When you're a child, you decide what you like to eat and that's what you eat - all the time. You don't think about food as a source of sustenance or energy. You eat because you're supposed to eat. You have no fear about much of anything - what you put in your body, how you treat your body, how you feel about your body.

Then there's adulthood. You now are thinking about food as a source of energy and growth. You think about what you eat. You watch labels, you try to eat healthier. Your body has changed and now there are fears - am I too big? Am I too small? Should I eat this particular food, knowing I may pay for it tomorrow? This is when the "if only" and the "I wish I had" thoughts are prevalent. You may exercise excessively - or wish you would. You begin to realize that what you could do at a younger age, you can no longer do - not without hurting! You still feel young, but you put your body into situations that it just doesn't like any longer.

Then there's the seasoned stage of life. Your body has changed again. What used to be easy may now be difficult - or impossible. Food becomes something that has to be done to sustain you. Foods you loved at earlier ages may now become your enemy. Activities you loved doing become a distant memory. Bones break easily, body parts creak and snap, your stomach makes noises that scare the grandchildren, and your energy seems always to be playing catch-up! Then, to add insult to injury, for women there's the post-menopause and the peri-menopause symptoms! You wake up moody, you are hot all the time, you are cold all the time. It seems that more meds are being added by your doctors to combat a myriad of symptoms and conditions - poor eyesight, poor hearing, brittle bones, unsteadiness, or maybe you now have diabetes, high blood pressure or heart issues. You never again say, "That won't happen to me!" And you complain and moan and groan (okay, that's me - I complain and moan and groan).

It can be disheartening. Our bodies are only made to last for a certain amount of time. So it's natural to slow down, to start feeling pains and aches you didn't have before, to have mood swings, to be on medications. But don't despair - there are options to help combat some of these symptoms and I want to mention three today:

  • Get into a daily, close relationship with God. When we are focused on our Creator, we spend less time worrying about our aches and pains. Psalm 92:14 says: "They still bear fruit in old age; they are ever full of sap and green," No matter our age or the condition of our bodies, we can still bear fruit. We can spend our days as disciples of God. We can do work that brings glory to Him. If we spend our time being His light and living out His will for us, He will give us what we need, physically and mentally, to complete our task.

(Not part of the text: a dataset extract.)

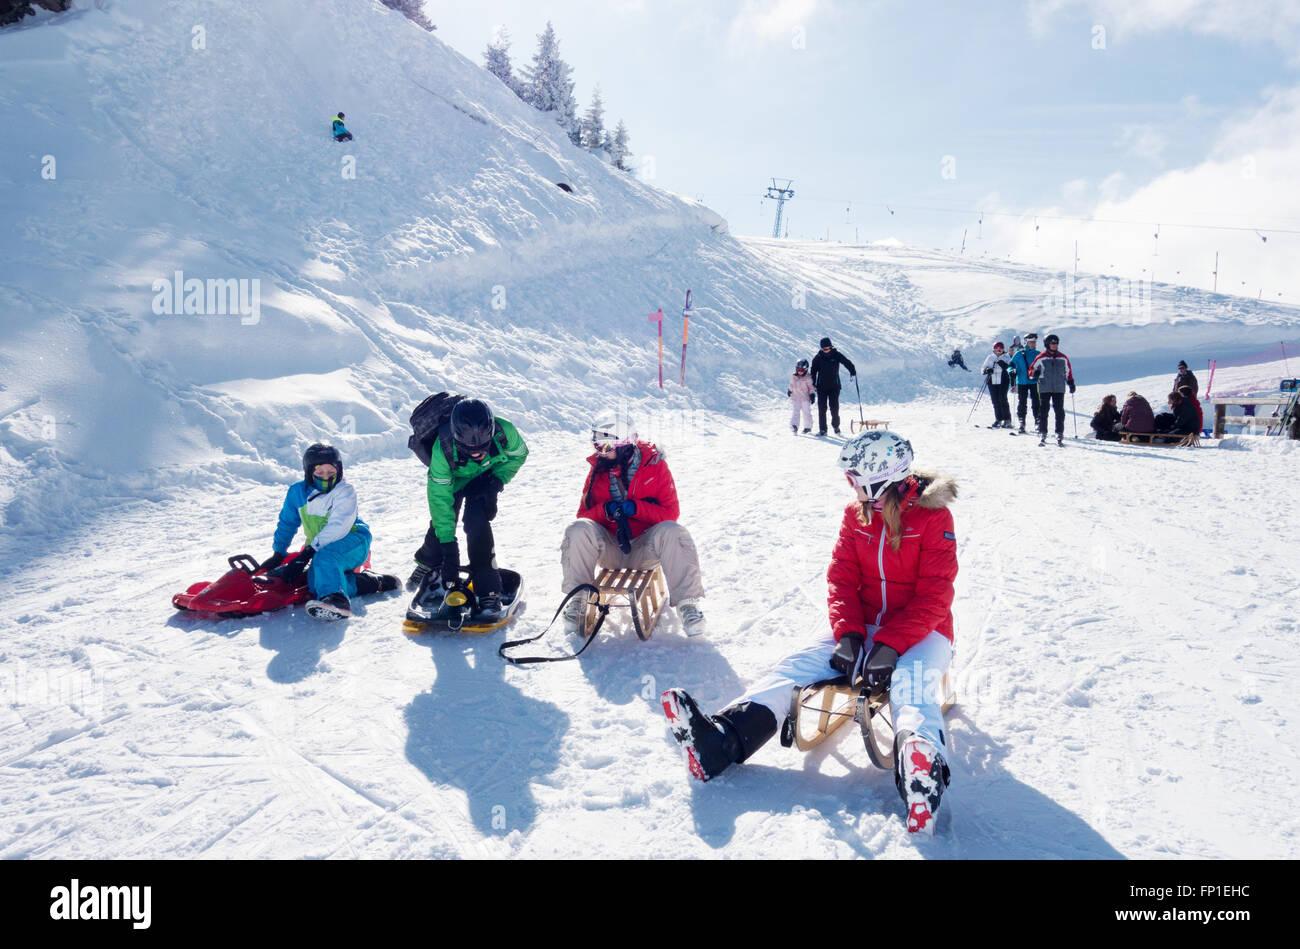 Gli adolescenti e i bambini lo slittino nelle Alpi Svizzere a Lenk, cantone di Berna, Svizzera, Europa Immagini Stock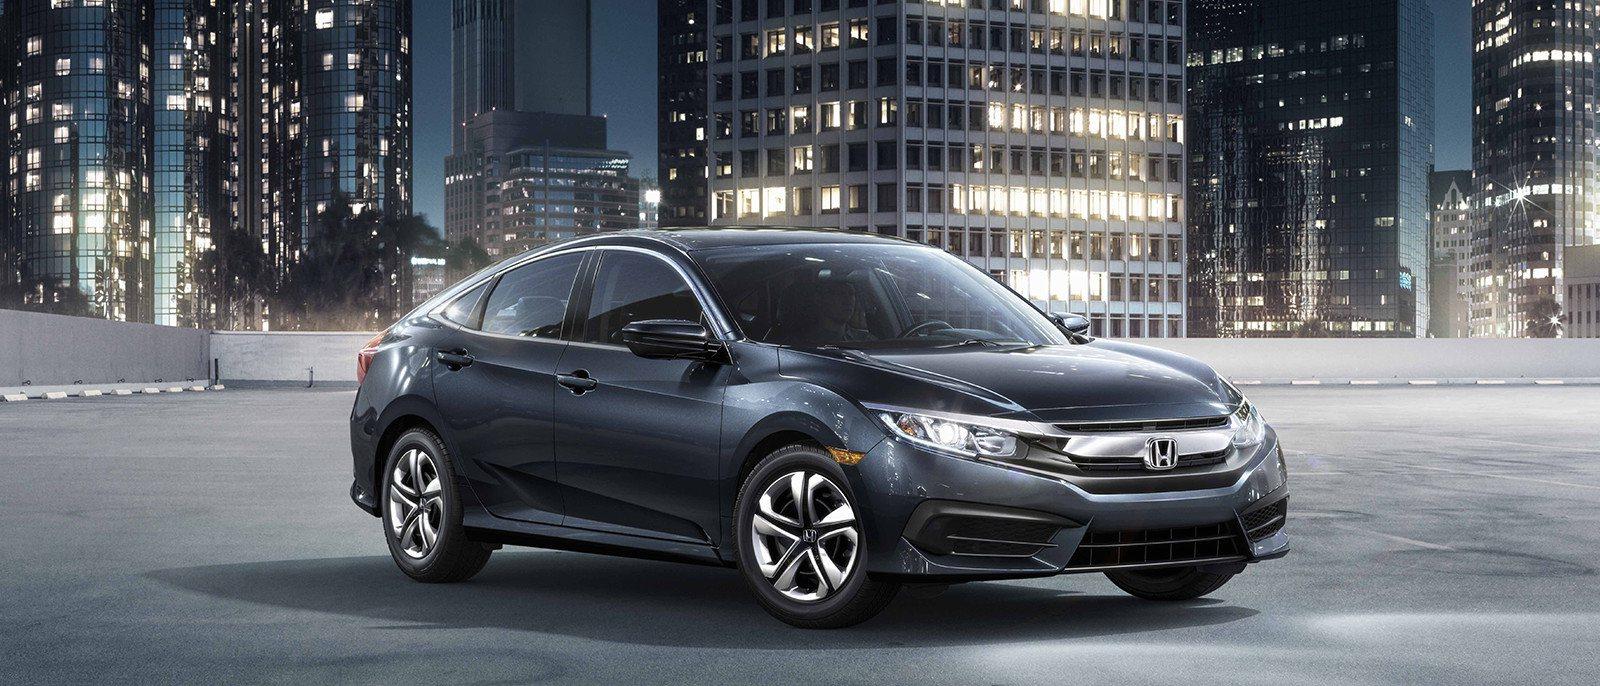 2016 Honda Civic in City

  • Spend time with others. When we are giving to those around us, the blessings we receive can help to fill our buckets, which lightens our moods and creates more energy. 2 Corinthians 1:4 says, "He comforts us in all our affliction, so that we may be able to comfort those who are in any kind of affliction, through the comfort we ourselves receive from God."

The more time we spend trying to lighten others' loads, the more God comforts and lightens our loads.

  • Take some time to rest and restore yourself. Ps. 62:5 says, "Rest in God alone, my soul, for my hope comes from him." Ps 116:7 says, "Return to your rest, my soul, for the Lord has been good to you." As humans, we can find ways to rest and restore our souls. We are all unique, so these ways are varied, but it is imperative that each of this take time to find out what refills us. Maybe it's reading. Maybe it's a walk in nature. Maybe it's a nap. Find what works for you and commit to doing that when needed.

Today, instead of complaining, moaning and groaning, which of these tips will you use to begin creating a better health journey?